Что вообще можно понимать под этим термином?

1) Стихотворения всех поэтов, живших в советское время. Конечно же, нет, ибо имеется в виду не время, а эстетика/антропология.

2) Стихотворения, несущие в себе определённую идеологию. Тоже нет, и по разным причинам. Во-первых, к советской поэзии мы относим и поэзию, в том числе, антисоветскую. А во-вторых, вполне себе огненного коммуниста (хотя на свой, странный, лад) Заболоцкого нам и в голову не придёт так аттестовать. Даже с Багрицким проблемы.

Особенные сложности начинаются, когда мы смотрим на современность. Ибо советское как общий образ социального бытия, всё-таки, если не ушло совсем, то слишком подразмылось, смешалось с другой гомологичной антропологией – антропологией западного массового человека, представителя общества потребления. Но смешалось абсолютно бесконфликтно. А с чего бы тому быть иначе? Это абсолютно смежные антропологии, они, если угодно, об одном и том же, хотя спецификат, конечно, выделяется. Выделяется, правда, никак не на глазок, а с помощью более тонких инструментов. Не в этом дело.

По-моему, термин, введённый в своё время Юрьевым, введённый в своей исторической обстановке и в своём культурном контексте, сейчас больше запутывает, чем объясняет.
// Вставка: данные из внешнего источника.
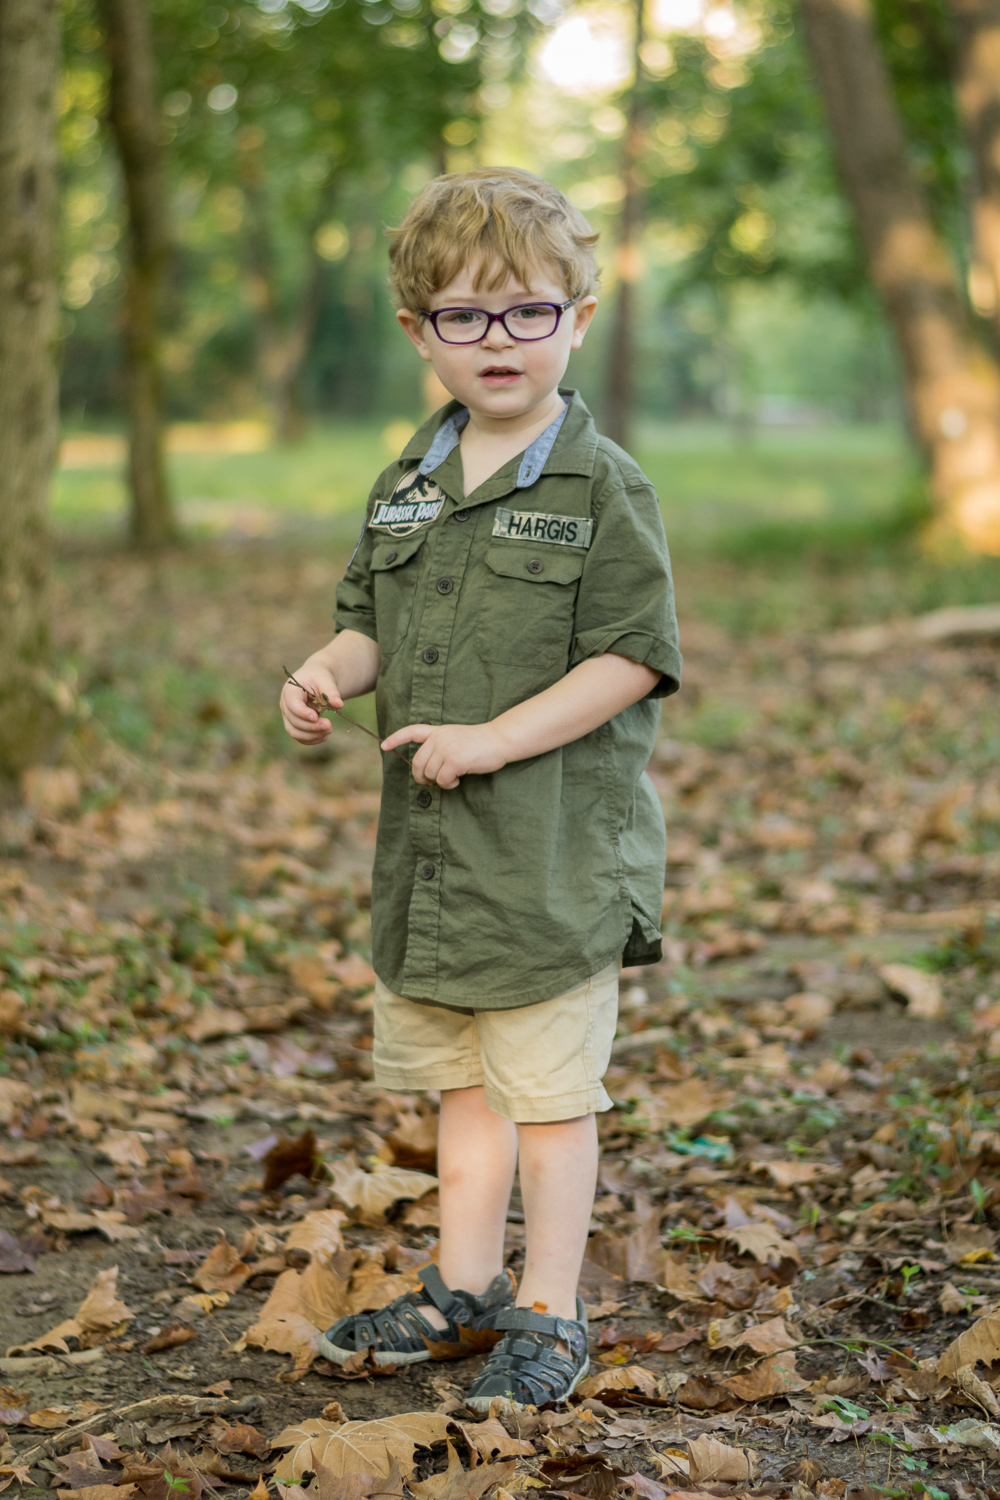 A young boy stands in the forest and holds a stick.

И для того чтобы снова дать зазвучать его подлинному значению, его надо менять.

Предлагается именовать ту эстетическую парадигму, которая традиционно в рамках нео-модернистской школы называлась «советской» или «нео-советской», – поэзией Среднего. (Здесь не имеется в виду качество текстов.). Именно так – Среднего с большой буквы С. Огромного Среднего, всеподавляющей и всё обволакивающей Мировой Середины.

Встречалось ещё не так давно мнение, что проблема решена исторически и постепенно потеряет актуальность. Оказалось (и последние события демонстрируют это со всей отчётливостью), что это непозволительно благодушная установка. Этот тип сознания и культуры, раз победив, пересел на другие социальные носители, прекрасно себя чувствует и деваться никуда не собирается. Более того – свой вариант того же самого демонстрирует и Запад, где отродясь не было никаких диктатур советского типа. Боюсь, черты обсуждаемой эстетики вшиты в массовидное сознание не как случайные, а как сущностные его свойства, а советская диктатура была лишь механизмом их инсталляции в местном, российском варианте.

 

2.

И всё же, хотя первично-интуитивное нацеливание на феномен выше было вчерне произведено, – что, на наш взгляд, составляет собою сущностное ядро явления?

Поэзия Среднего. Что стоит за выбором этого наименования? Неоплатоническое различения сфер Бытия на Высшее, Среднее и Низшее? Или имеется в виду Среднее как обыкновенное, обыденное? Или, наконец – Среднее есть неискоренимо банальное, анонимное, в духе хайдеггеровского Das Man? А ведь есть ещё возможность увидеть смысл этого понятия в теории жанров, где издавна различается возвышенное, среднее и низкое…

В некотором смысле, Среднее, как оно употребляется здесь, есть категория, позволяющая переключаться между этими онтологемами, пользуясь смыслами и определениями каждой – и не оставаясь до конца ни в одной.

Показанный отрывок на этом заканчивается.